Abstract
State-supported programs providing loans and scholarships in exchange for service in under-served areas provide an important source of financial support for medical students while encouraging them to select careers in primary care. The purpose of this research was to seek a better understanding of these often unheralded but important state sources of support, and learn if they have continued to grow in the twenty-first century. Administrative data were obtained on state-supported programs operating in 2008 that provided financial support to students, resident or practicing physicians, physician assistants, nurse practitioners, certified nurse midwives, dentists, and licensed mental healthcare providers in exchange for service in an underserved area. The authors identified numbers, types of state-supported programs, program workforce strength, and features of state programs. In 2008, 75 state programs, operating in 37 states, collectively had 5113 program participants under contract. Loan repayment programs (n = 42, 56%) were the most common type of state-supported programs. Practitioners signed initial contracts in 2008 totaled 1173, with more non-physicians (n = 681, 58%) signing initial contracts than physicians (n = 492, 42%). Additionally, 2803 practitioners were serving in programs in 2008. Field placement was also slightly greater among non-physicians in 2008 (n = 1433, 51%) than physicians (n = 1370, 49%). State support-for-service programs remains an important source of financial assistance for those willing to make service commitments in underserved areas. Moreover, these programs continue to increase in size, even amidst the economic malaise, and provide an obligated primary care workforce in underserved areas.
Highlights
Compared with other developed nations, the United States (US) has substantially lower percentages of primary care physicians relative to specialists [1]-[4]

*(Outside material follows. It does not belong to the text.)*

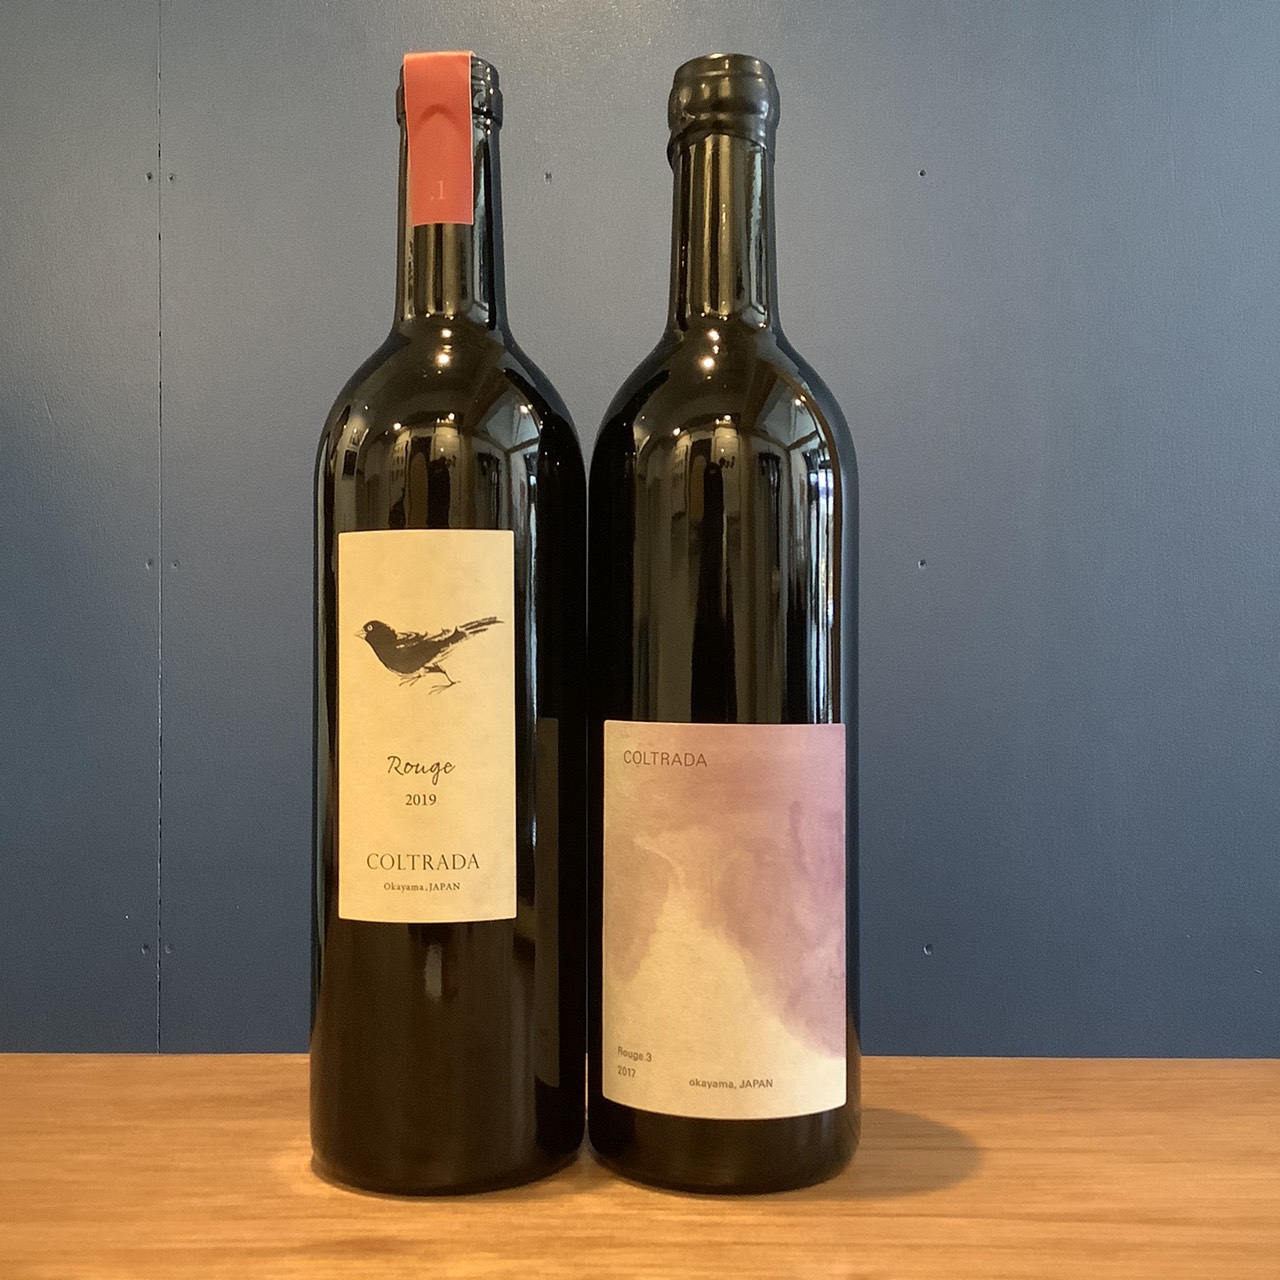 溢れ出るフレッシュなフレーバーと旨味エキス…ワイン界の小籠包や〜〜〜な、岡山の赤ワインをご紹介！

Medical school graduates selecting primary care residencies dropped by half from the mid-1990s to the mid-2000s, and from 2000 to 2005 the percentage of medical school graduates in family medicine residencies declined from 14% to 7% [7] [10]
In order to record and compare trends in state support-for-health service programs over time we reviewed and utilized where possible the methodology previously reported by Pathman et al [19]
Summary
Compared with other developed nations, the United States (US) has substantially lower percentages of primary care physicians relative to specialists [1]-[4]. A recent study predicted that expected population growth, coupled with the aging of the population, will expand primary care physicians’ workloads by one-third in the two decades [6]. Primary care physicians earn approximately half of the income of their specialty colleagues, a fact not lost on those students traversing the medical education pipeline [11]-[14]. This gap has been widening, while at the same time overall medical education indebtedness is increasing [4] [15]-[17]. The critical question is: What financial incentives will enable students who are interested in primary care practice in rural and underserved areas to fulfill their career goals, surmounting the challenges described?